Глину мяли не ногами, как мои древнейшие предки, ибо климат Воркуты отличен от египетского, а на весьма современной машине, состоявшей из большого деревянного барабана с валом, на который насажены четыре лопасти. К валу прикреплено бревно. Запрягаясь впятером, мы ходили по кругу и приводили в движение передовую технику двадцатого столетия.
Люди, руководившие постройкой пирамид, не догадались, что надсмотрщиков с бичами может заменить норма, за невыполнение которой дадут не обычный, а штрафной паек – триста граммов хлеба и черпак баланды на весь день. Но чем выше норма, тем больше желание схитрить – особенно, если дело касается уголовников. На лесоразработках они складывали штабеля с пустотой внутри. На строительстве ухитрялись сдавать бараки без засыпки в стенах – что нужды, если завтра тут поселят таких же лагерников? После нас хоть потоп!.. На рытье котлованов дважды сдавали одну и ту же работу.
На лагерном языке это называется "туфта".
– Ты же знаешь, Миша, я ненавижу туфту. Самая противная туфта – литературная. Буду всю жизнь мостовые мостить, а врать не стану!
От литературы мы перешли к голодовке.[56] Гриша еще не оправился от нее. Щеки впалые, глаза неестественно блестящие.
В первые годы сталинских расправ люди, не отвыкшие от мысли, что они люди, пытались протестовать. Местное начальство и слушать не желало никаких протестов, да и вряд ли оно могло что-либо сделать. Заключенным советовали: "Пишите заявления, но ни в коем случае не коллективные. За коллективку наказывают". – "Но мы слышали, гражданин начальник, что нашими заявлениями растапливают печку в спецчасти". – "Все равно, пишите".
Это означало: за писанье не накажут, а за протест вам достанется.
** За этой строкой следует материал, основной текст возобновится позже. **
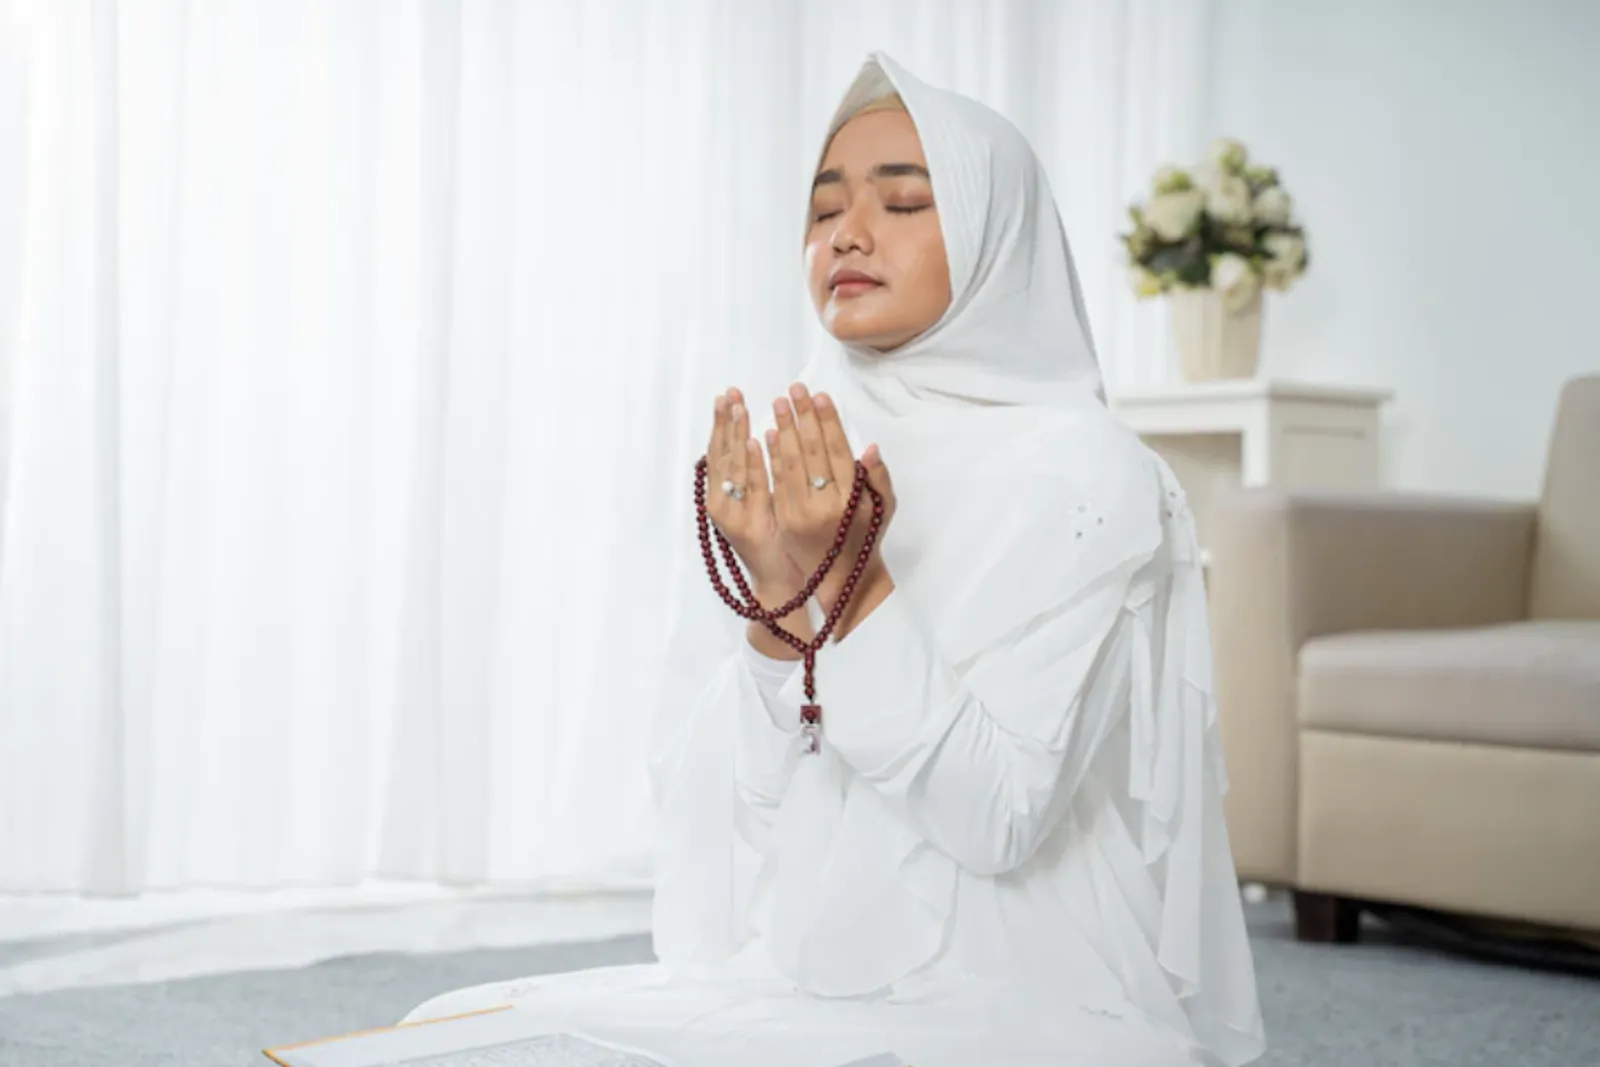 Doa agar ASI Cepat Keluar dan Produksinya Banyak dalam Islam

Толку же не будет ни так, ни сяк.
Воркутинская голодовка, насколько я знаю, была самой упорной и длительной изо всех попыток утвердить свое человеческое достоинство. Главное, чего требовали – права работать в отдельных бригадах, без уголовников и туфты. Требование не столь серьезное – но принять его означало признать понятие "политический заключенный". А таких у нас нет. Следовательно, требование контрреволюционное, а голодовка – антисоветская.
Она длилась долго. Умер Абраша Файнберг, ветеран одесского комсомола. И не он один. Наконец, начальство согласилось на отдельные бригады, но, чтобы это не выглядело уступкой, сделали так: бригадиром назначается не-бытовик (например, к строителям назначили Баглюка), а он подбирает себе, кого хочет, начальству безразлично. Овцы будут целы и волки сыты. Но мстительные волки записали фамилии всех непокорных овец, и этот список лег в основу всей дальнейшей работы спецчасти.
Пока продолжалась голодовка, уголовников всячески науськивали на троцкистов. Это название стало самой бранной кличкой в устах рецидивистов. Да, троцкист хуже меня. Я свою жену убил – на то она моя. А он – Кирова. Кто дал ему такое право?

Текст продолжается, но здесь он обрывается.